KnigaRead.com/
KnigaRead.com » Проза » Советская классическая проза » Николай Егоров - А началось с ничего...

Николай Егоров - А началось с ничего...

На нашем сайте KnigaRead.com Вы можете абсолютно бесплатно читать книгу онлайн "Николай Егоров - А началось с ничего...". Жанр: Советская классическая проза издательство -, год -.
Перейти на страницу:

— Я ему покажу. Я ему по-ка-жу.

Бушуев погрозил пальцем и не выключил рацию, пока истребитель не приземлился.

Упражнение «взлет — посадка» занимает пять-восемь минут. Невелико время. Это когда ты на земле. А когда в воздухе на хвосте истребителя? Сергею они показались вечностью. Продержись-ка. Продержался.

Самолет мягко коснулся полосы всеми тремя колесиками и покатился.

— Живем, — шевельнул белыми губами Сергей. В глазах ракеты заметались: красные, синие, зеленые.

Очнулся — за ноги тянут, разговаривают.

— Тише ты, медведь, выдернешь.

— Руки, руки ему отцепите.

— Не разжать никак. Окоченел.

— Врача! Где санитарная машина? Дежурный по аэродрому!

— Завести не могут, товарищ майор!

— У, дарданеллы.

Кто-то огромный сграбастал Сергея в беремя, приложил ухо к груди.

«Герка? Конечно, он».

— Что с ним, Волох?

— Дышить, товарищ майор. Высочки трохи поседели, да кожица на ладошках порепалась, а так, мабуть, дышить.

Их обступили летчики. Головами качают, ахают. Войну прошли, не ахнули, а тут в мирное время столько пережили за человека.

Сергей завозился, выбираясь из Геркиных объятий. Герка осторожно опустил друга на землю. Земля закачалась под ногами, будто он, как в детстве, долго кружился в одну сторону.

— Придержите, упадет.

— Пусть падает, теперь невысоко.

Лейтенант Солдатов сел на крыло и устало привалился спиной к кабине.

— Ты почему не сразу зашел на посадку? А?

— Быстро развернуться — его смести могло, Николай Николаевич.

— Могло, дарданелла. Ну, спасибо тебе, Демарев.

— Мне? За что?

— За то, что не умер глупо.

Дребезжа и отстреливаясь выхлопной трубой, подкатила санитарная машина. Шофер с шиком тормознул, из кабинки белым голубем выпорхнул врач, летит к Сергею. Смочил ватку из флакончика, подает.

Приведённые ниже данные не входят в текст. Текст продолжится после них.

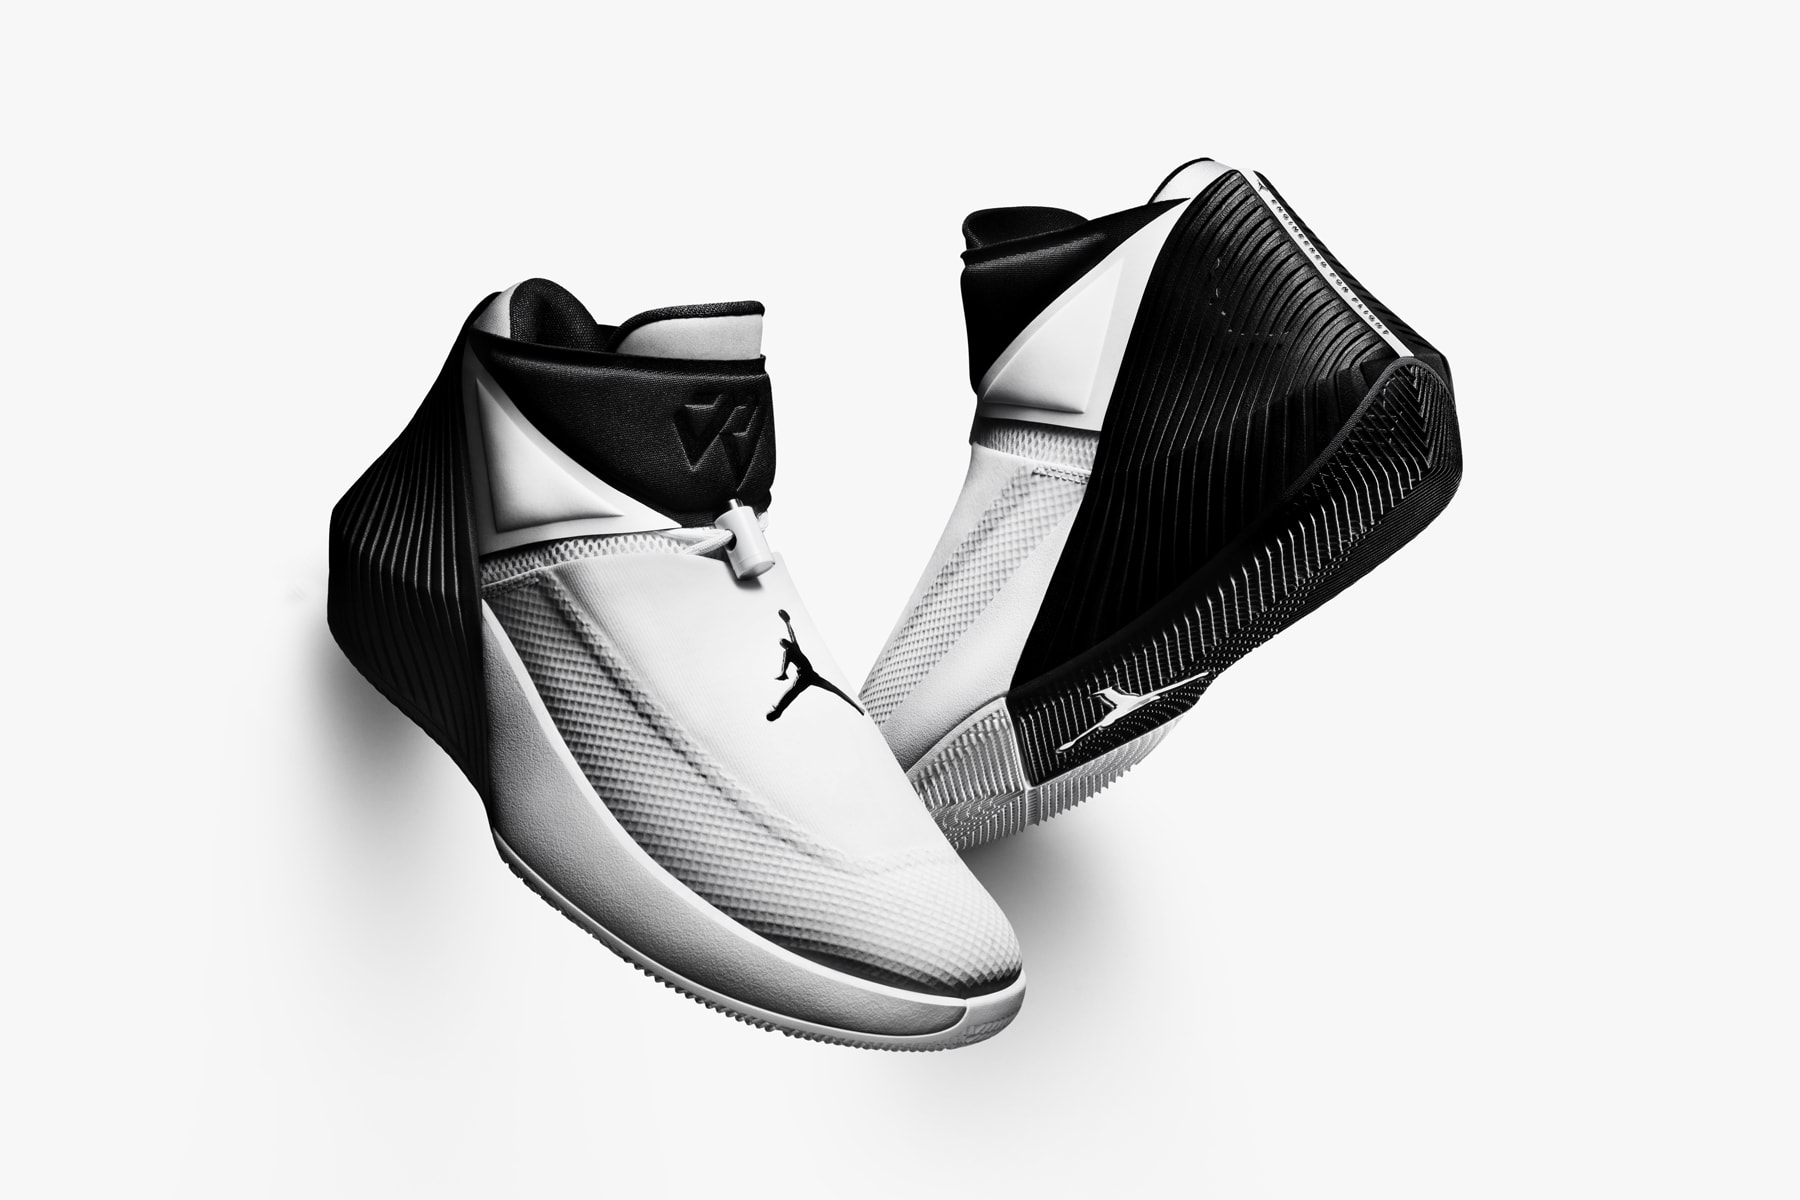 Jordan Brand Russell Westbrook Why Not Zer0.1 2-Way Mirror Image January 15 February 15 Release

— Нюхайте, сержант, нюхайте.

— Что это? — отобрал у него лекарство Бушуев.

— Спирт. Нашатырный.

— А другого нет.

— Медицинский есть.

— Тащите.

— Я не пьющий, товарищ майор, — заотказывался Сергей.

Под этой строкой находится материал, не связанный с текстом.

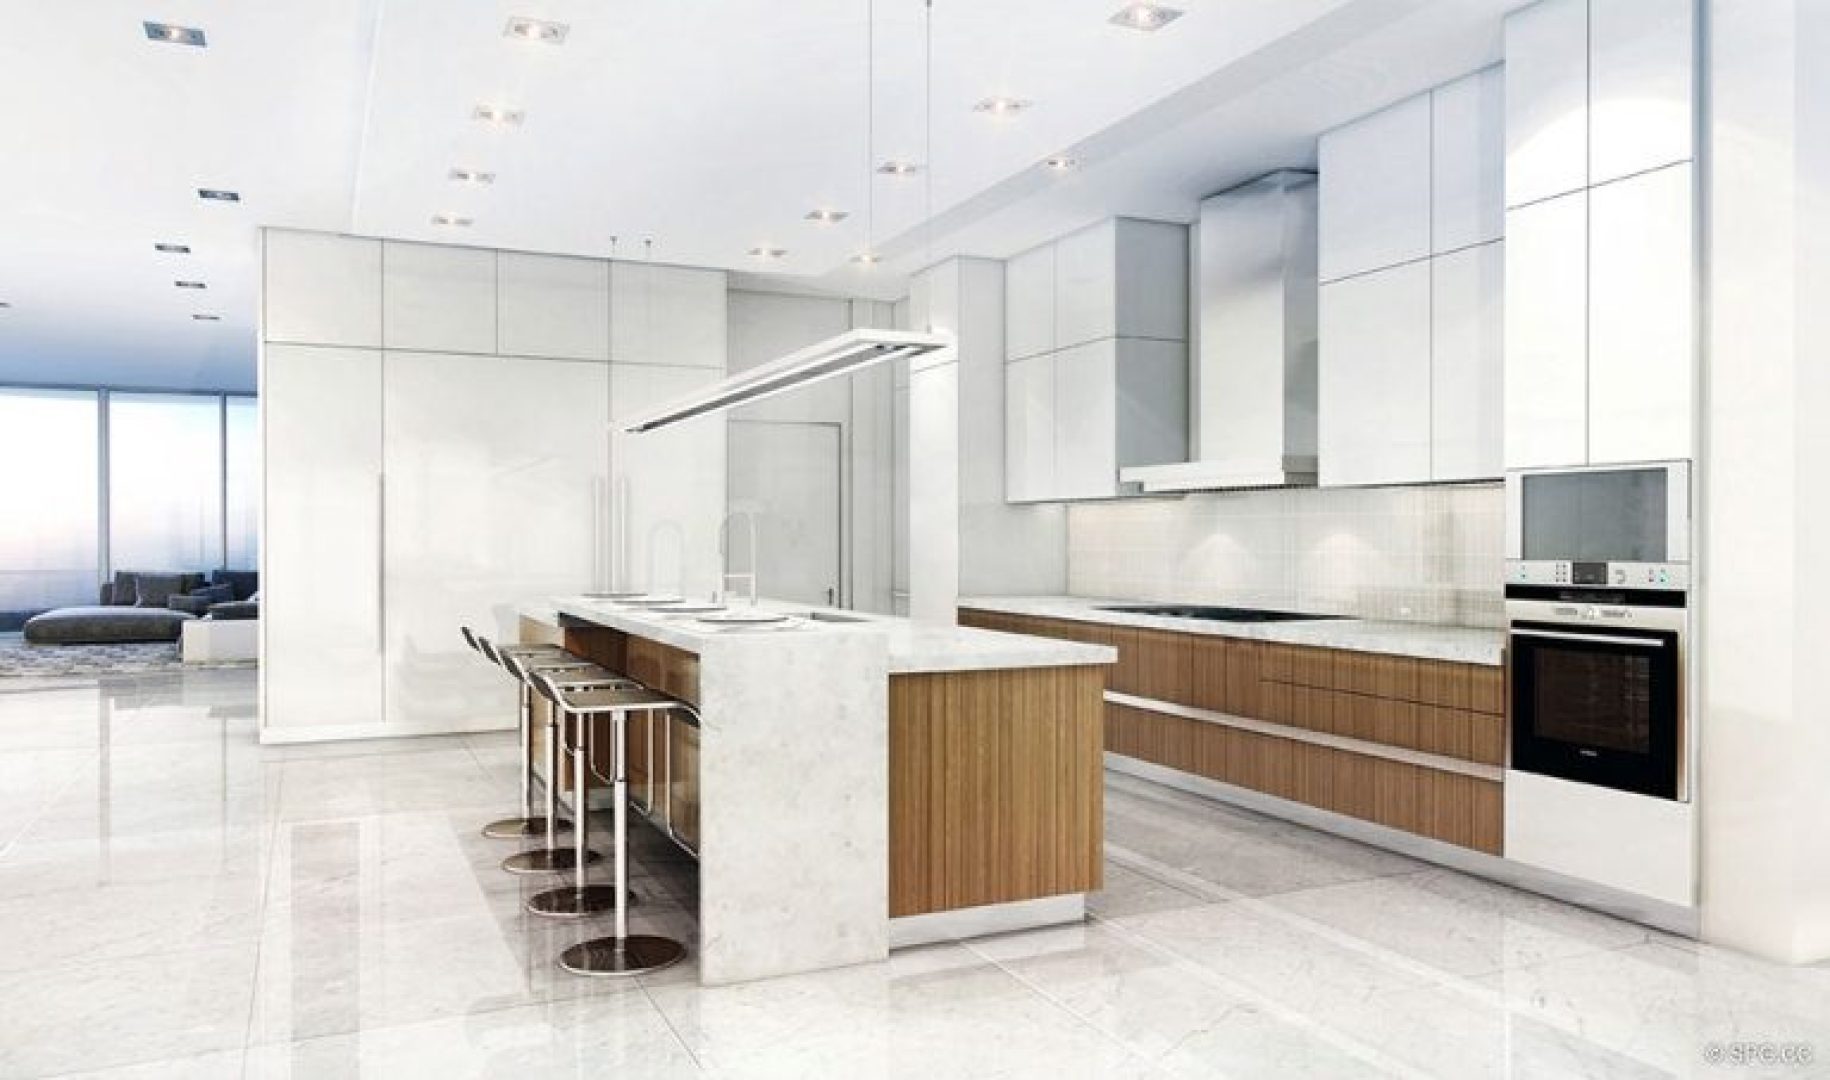 Gourmet Kitchens inside 321 at Water's Edge, Luxury Waterfront Condos in Fort Lauderdale, Florida 33304

— Тебя сейчас серной кислотой не проймешь.

Сергея заподталкивали сзади, засоветовали:

— Не отказывайся, дурень.

— Прими. Как-никак второй раз родился.

18

День по дню, день по дню настала очередь готовиться к демобилизации военнослужащим сорок четвертого года призыва. Приобретали чемоданчики, подкапливали деньжонки, исписывали адресами алфавитные блокнотики. Свыклись — не расставался бы.

А вечерами учились танцевать под радиолу. Радиолу купили вскладчину всей эскадрильей по инициативе того же Возки Шрамма. Кое-кто отказывался пожертвовать десятку — убедил.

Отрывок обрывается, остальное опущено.